三千院

三千院[天臺宗]
※現代の景観です。

昭和初期のガイド文

叡山電車八瀬の北5km、愛宕郡大原村にあり、途中大原村役場まで自動車の便があります。

この地は叡山の北麓にあって、昔は堂塔が並び立つ天台仏教の一根拠地でしたが、往時の古建築で現在残っているのは三千院のみです。平安時代の貞観年中(859~877年)僧承雲の開創、堀川天皇の頃から代々皇族相承の制となり、後醍醐天皇の時代には大塔宮も御入寺あり、明治維新の際には梨本宮もいらっしゃったことがあります。

本堂[国宝] 往生極楽院と称し、三間四面、単層、入母屋造、杮葺、妻入の建築で、寛和元年(985年)の建立とされています。外部は向拝をはじめおおむね後世のものに変わっていますが、内部は多く当初のままです。特に天井は珍しい舟底形で、その板には二十五菩薩の彩画が残っています。須弥壇は非常に低く、勾欄をめぐらし、螺鈿模様が施されています。様式は古いものですが壇そのものは近年作られたものです。

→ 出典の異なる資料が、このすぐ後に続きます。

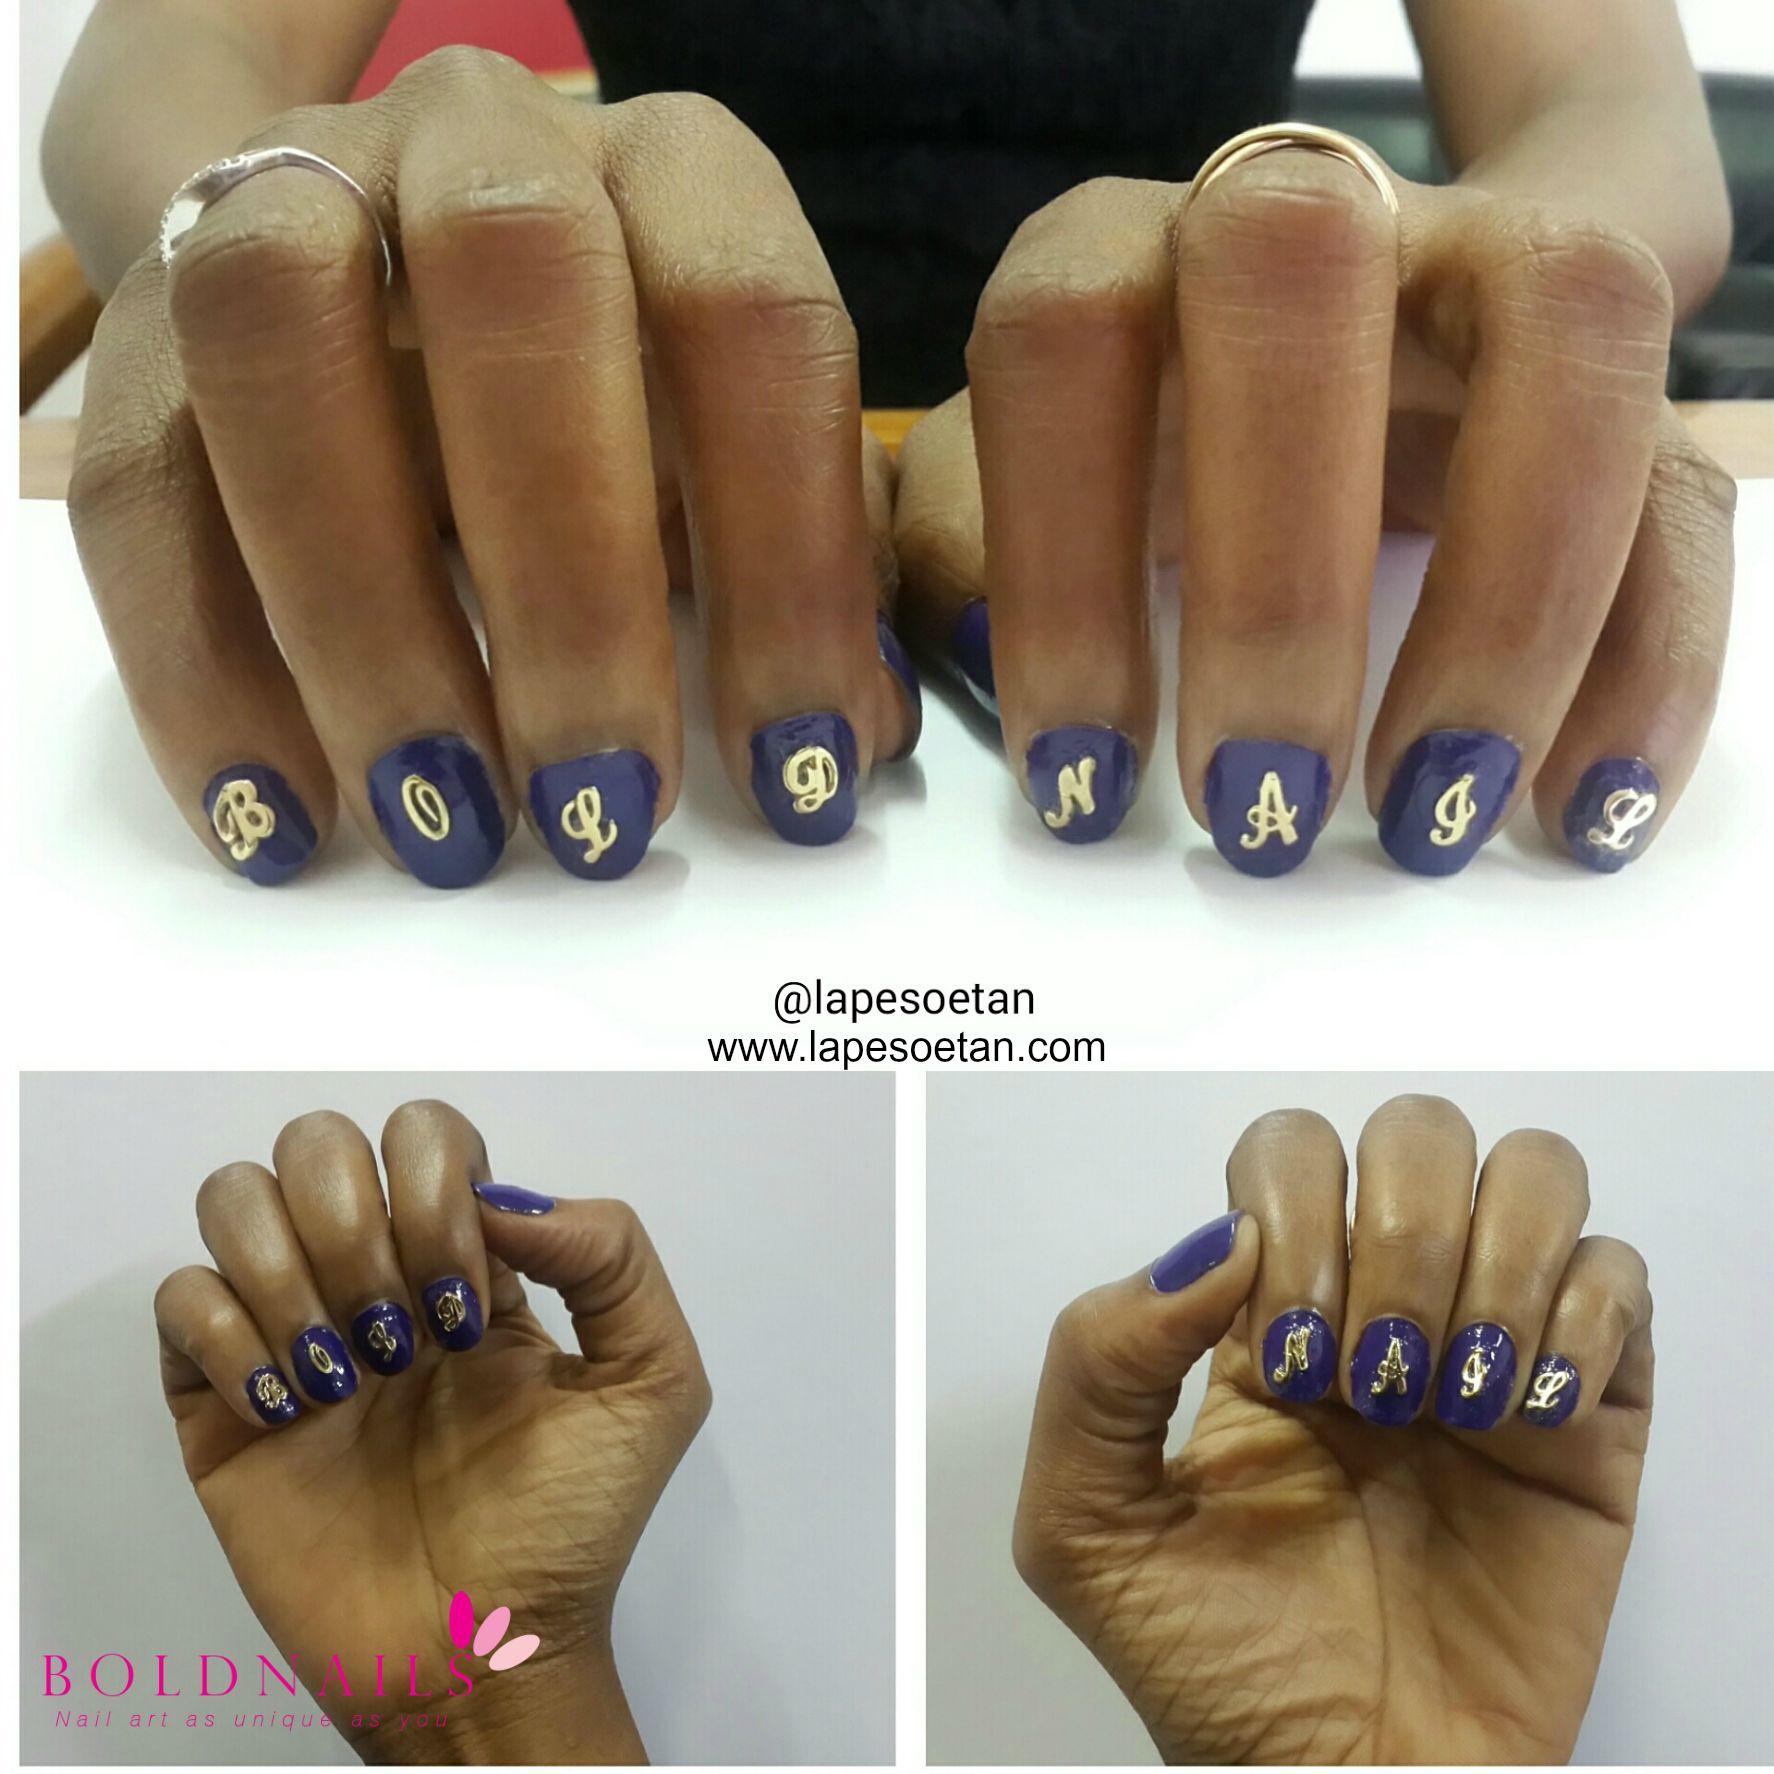 Nail Art Bold Nails Lape Soetan

阿弥陀三尊坐像[国宝] 本堂に安置されています。本尊の前に相並んで座っているのは観音勢至二菩薩の像です。観音は両手に紫金の蓮台を捧げ、勢至は合掌し、ともに日本式の正座をした形相です。二菩薩の後に控えた本尊阿弥陀仏は上品下生の手相を示しつつ趺坐しています。かくて組み合わされた三尊一座の形相は藤原時代盛んに信仰された弥陀の来迎を現したものです。その様式は豊満な肉取りに一種優麗な極致を残し、よく藤原時代の特徴を示し、彫刻として来迎形の最古の遺品となっています。

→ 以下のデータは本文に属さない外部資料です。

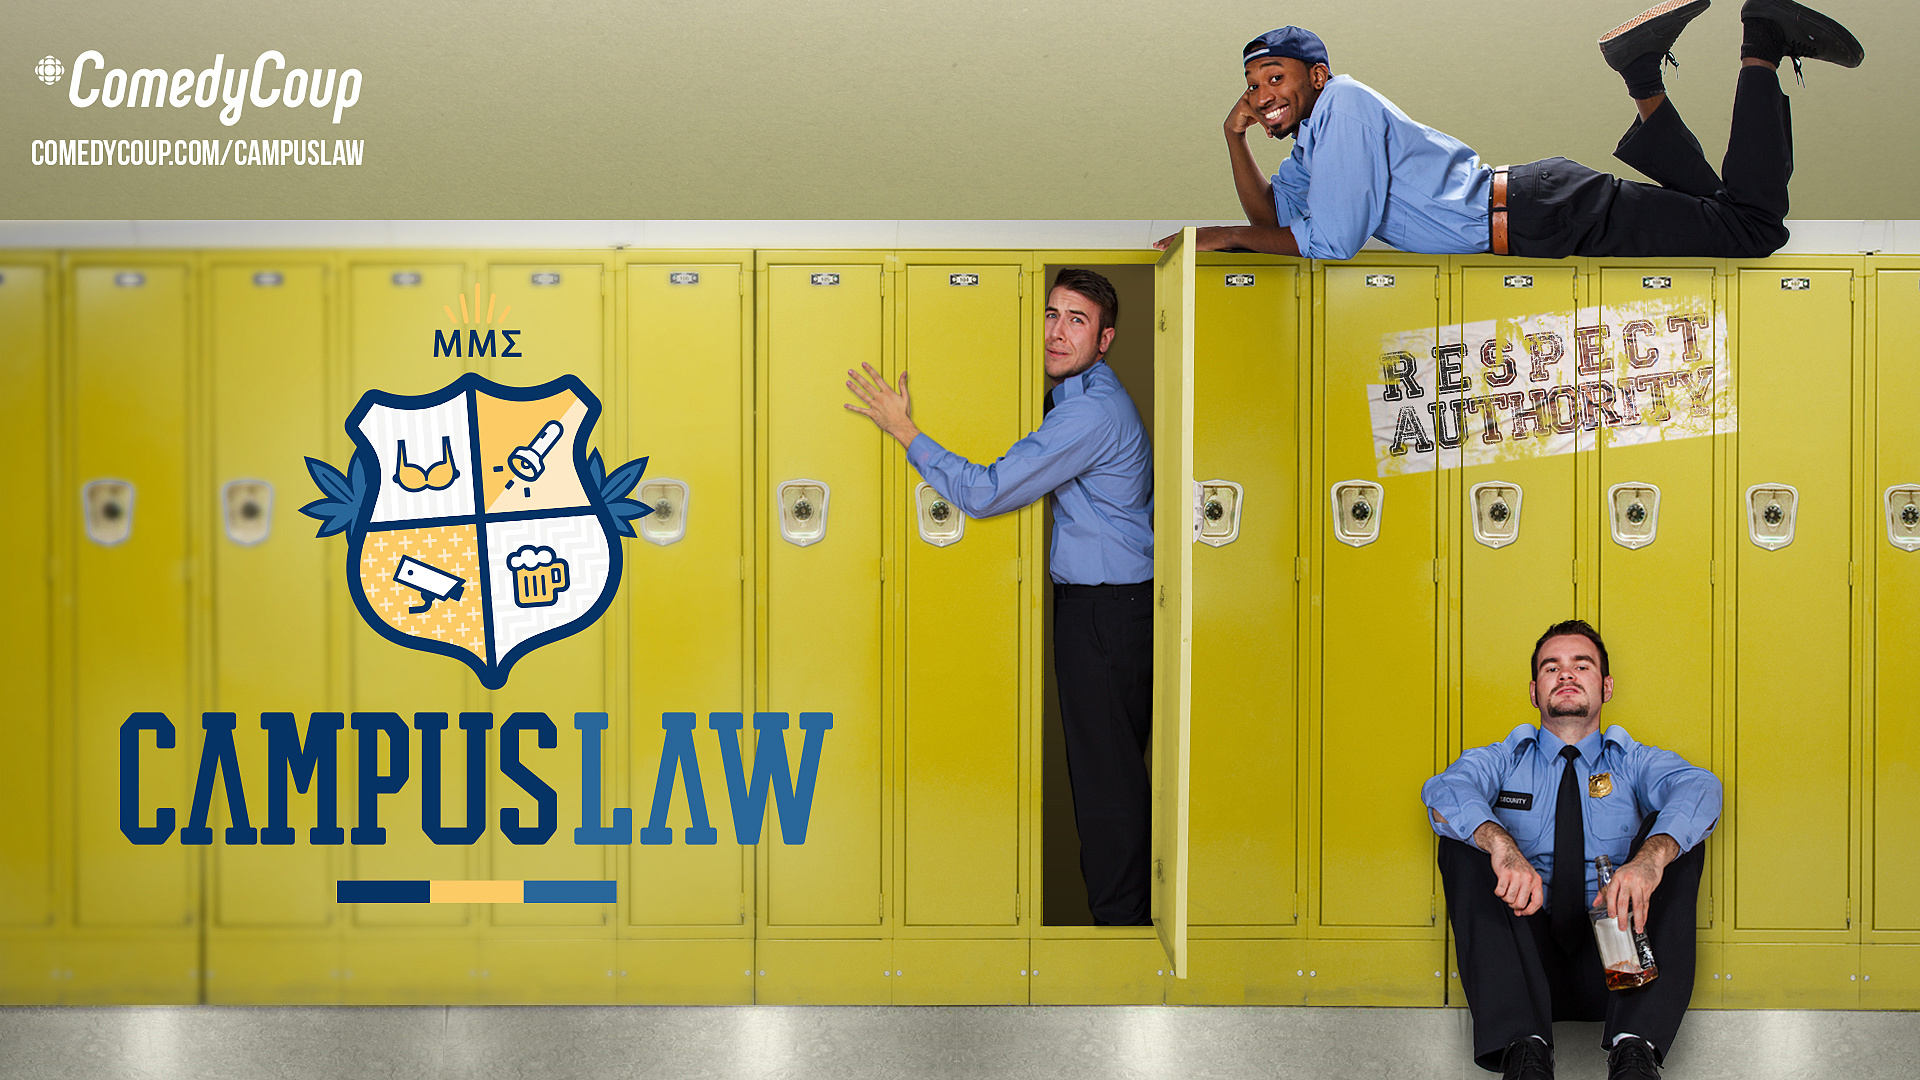 Week 4 Key It: Poster A Campus Law

なお書院には慈覚大師の作と伝わる国宝の不動明王立像(木造)があります。

※底本:『日本案内記 近畿篇 上(初版)』昭和7年(1932年)発行

令和に見に行くなら

名称
三千院
かな
さんぜんいん
種別
見所・観光
状態
現存し見学できる
住所
京都府京都市左京区大原来迎院町540
参照
参考サイト(外部リンク)

日本案内記原文

叡山電車八瀨の北五粁、愛宕郡大原村にあり、途中大原村役場まで自動車の便がある。

この地は叡山の北麓にあつて、昔は堂塔櫛比して天臺佛敎の一根據地であつたが、常時の古建築の今日遣つて居るのは三千院あるのみである。當院は貞觀年中僧承雲の開創、堀川天皇の頃から世々皇族相承の制となり、後醍醐天皇の朝には大塔宮も御入寺あり、明治維新の際には梨本宮も居らせられたことがある。

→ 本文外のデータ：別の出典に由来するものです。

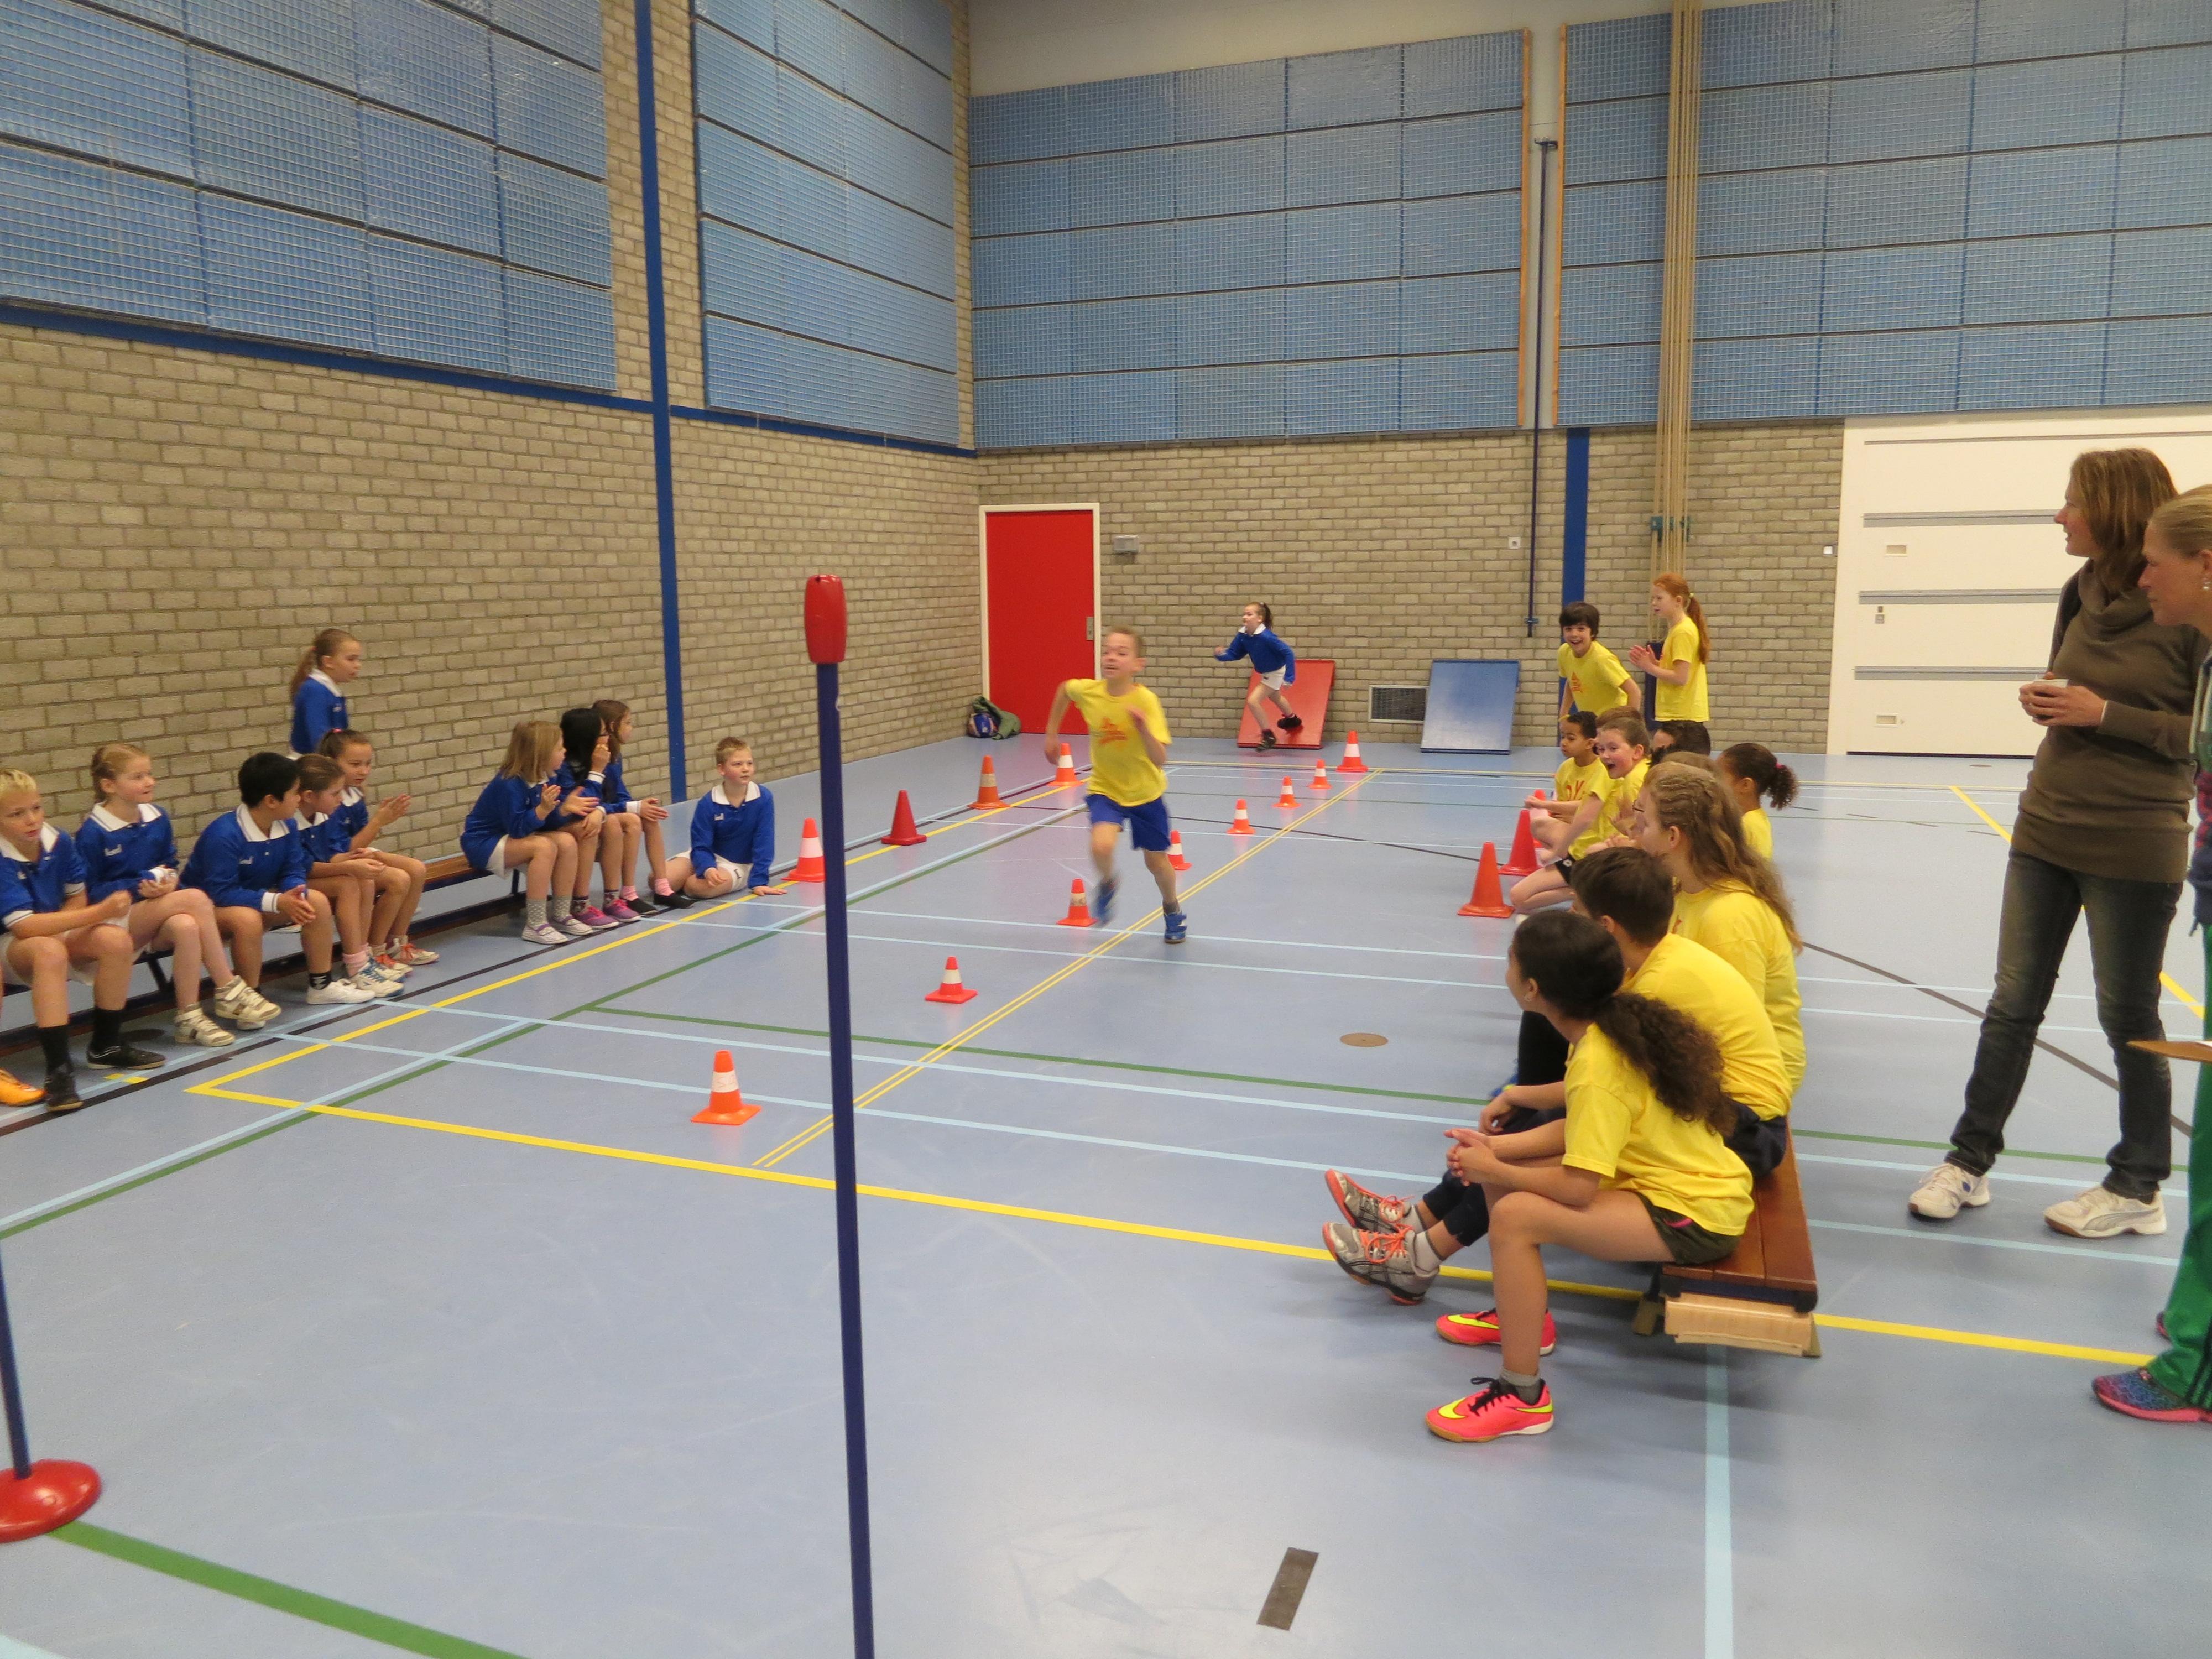 Fun in athletics - vrijwilligers gevraagd

本堂[國寶] 往生極樂院と稱し、三閒四面、單層、入母屋造、杮葺、妻入の建築で、寬和元年の建立とされ居る。外部は向拜をはじめ槪ね後世のものに變つて居るが、內部は多く當初のまゝである。殊に天井は珍しい舟底形で、その板には二十五菩薩の彩畫が殘つて居る。須彌壇は甚だ低く、勾欄をめぐらし、螺鈿模樣が施されて居る。樣式は古いが壇そのものは近年作られたものである。

阿彌陀三尊坐像[國寶] 本堂に安置されて居る。本尊の前に相竝んで坐つて居るのは觀音勢至二菩薩の像である。觀音は兩手に紫金の蓮臺を捧げ、勢至は合掌をなし、ともに日本式の正座をした形相である。二菩薩の後に控へた本尊阿彌陀佛は上品下生の手相を示しつつ趺坐して居る。かくて組合はされた三尊一座の形相は藤原時代盛に信仰された彌陀の來迎を現はしたものである。その樣式は豐滿な肉取りに一種優麗な極致を存し、よく藤原時代の特徵を示し、彫刻として來迎形の最古の遺品たるを失はない。

尙書院には慈覺大師の作と傳ふる國寶の不動明王立像(木造)がある。